I used the same UserAgent as that of Mozilla which successfully retrieves the page. I tried it from different IP address to ensure that my IP is not blocked(I run it once a day and am not running a bot) Looking for some help in getting this going again. Thanks Uday

Replies are listed 'Best First'.
Re: Sudden problems with LWP::UserAgent
by Corion (Patriarch) on Oct 27, 2010 at 07:08 UTC

    HTTP error 403, "Forbidden" - this should tell you that the website administrator does not want you visiting anymore.

      Their user agreement does not forbid auto retrival of quotes. http://www.nse-india.com/disclaimer.htm I am using it for a legitimate purpose. Thanks Uday

        This is not an issue where Perl is of relevance. You are violating the web sites terms of use. They block you.

        It does not matter whether you claim you have a "legitimate purpose", and Perl does not come into it. Talk to them, most likely you can pay for better access to their data.

        That's a disclaimer, not a user agreement!! Maybe they do not mind interactive use but do not want scripts hitting it. That's their call to make, just like they can cut you off if they want to. I think Corion has called this one correctly.

        Elda Taluta; Sarks Sark; Ark Arks

Re: Sudden problems with LWP::UserAgent
by morgon (Priest) on Oct 27, 2010 at 14:35 UTC
    Have you tried acessing the page with a browser?

    Could it be that you need to get a new cookie (I think you are storing and reusing cookies).

    Have you tried setting the user-agent to that of the google-bot?

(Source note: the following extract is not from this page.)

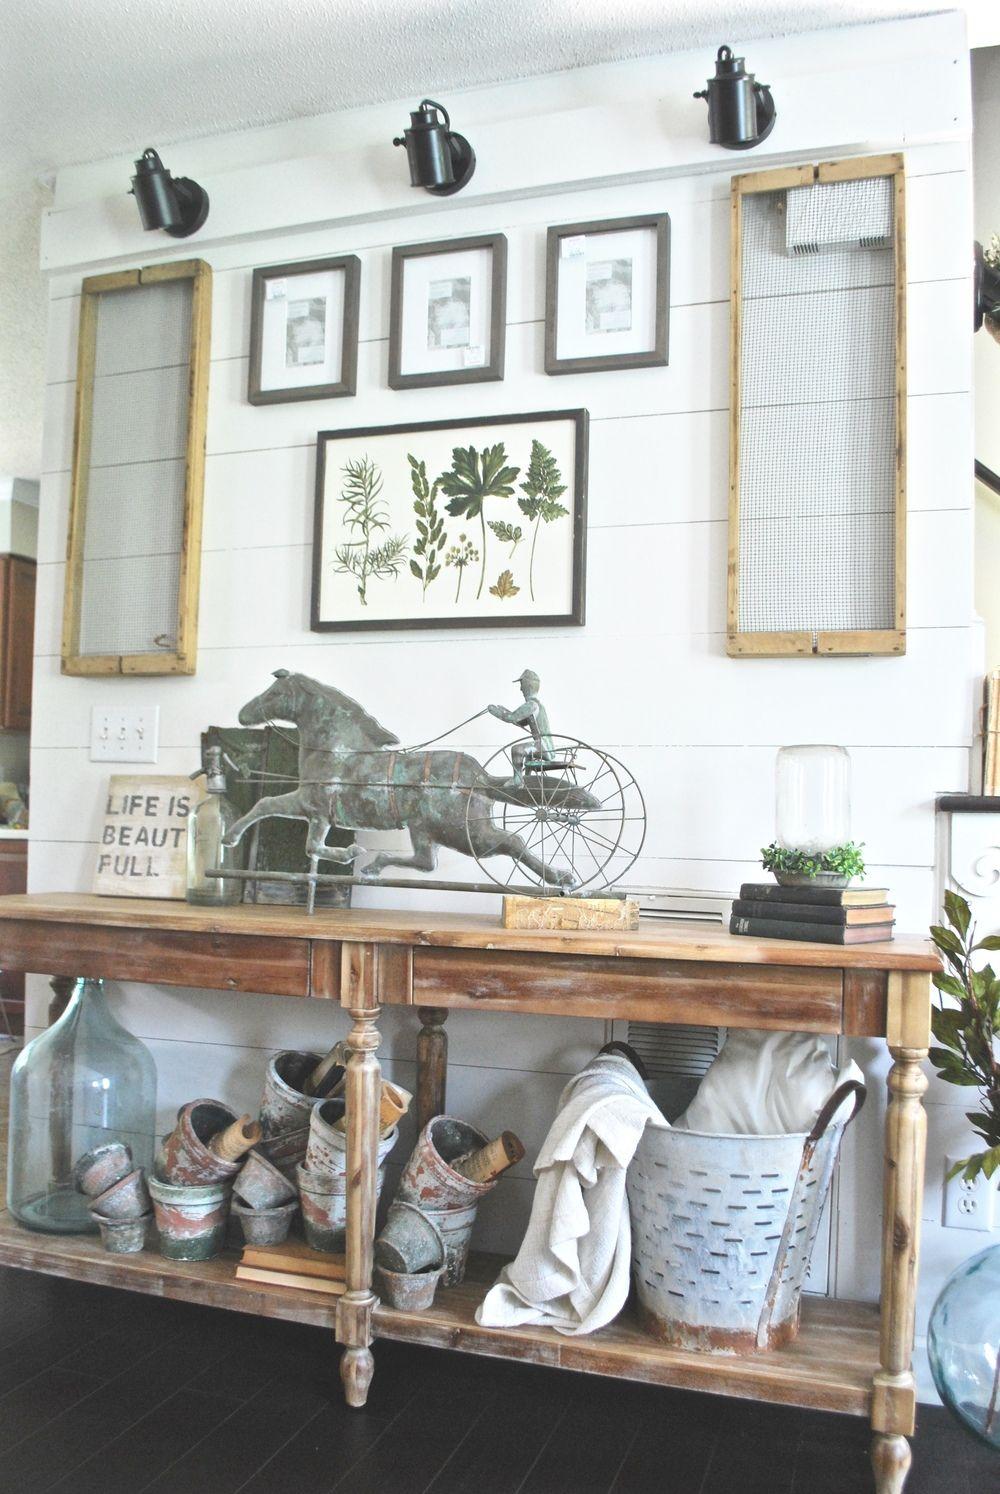 Best Urban Farmhouse Wall Decor For A Rustic Country Home Farmhousewalldecor Modernfarmhousewallideas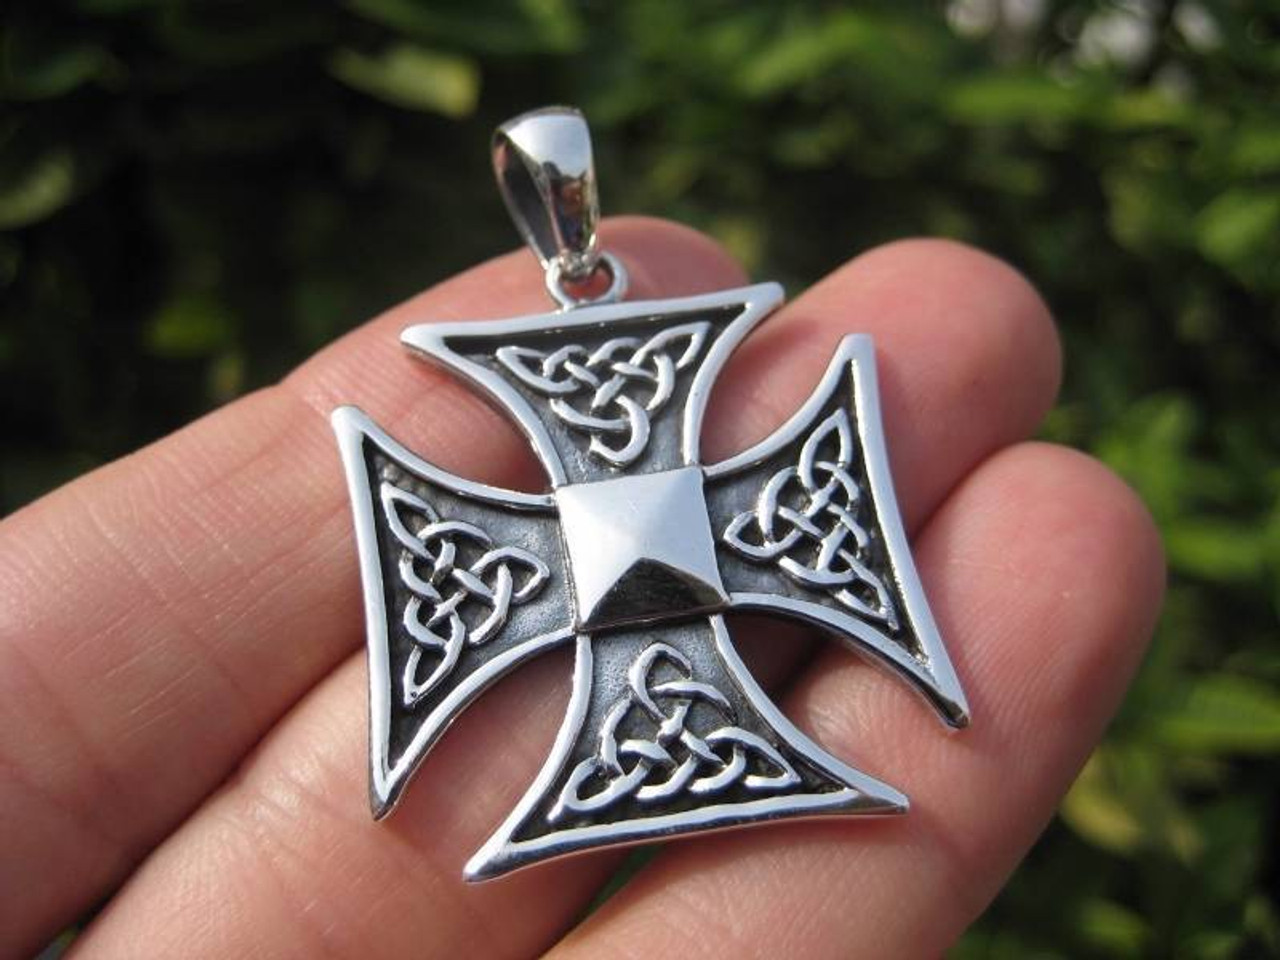 925 Silver Knight Knights Iron Cross Templar Pendant Jewelry art A12

      I did not try google bot. But I did try RobotUA of LWP and that didnt help either. I will investigate further and update once successful.

      Thanks Uday

        I got it working again. Looks like they now expect
        'Accept' => 'text/html,application/xhtml+xml,application/xml;q=0.9,*/* +;q=0.8',

        as a header field. I however am plugging in all the http headers that firefox uses for my pages of interest so that I don't end in this trouble again.

        Thanks and Regards
        Uday
A reply falls below the community's threshold of quality. You may see it by logging in.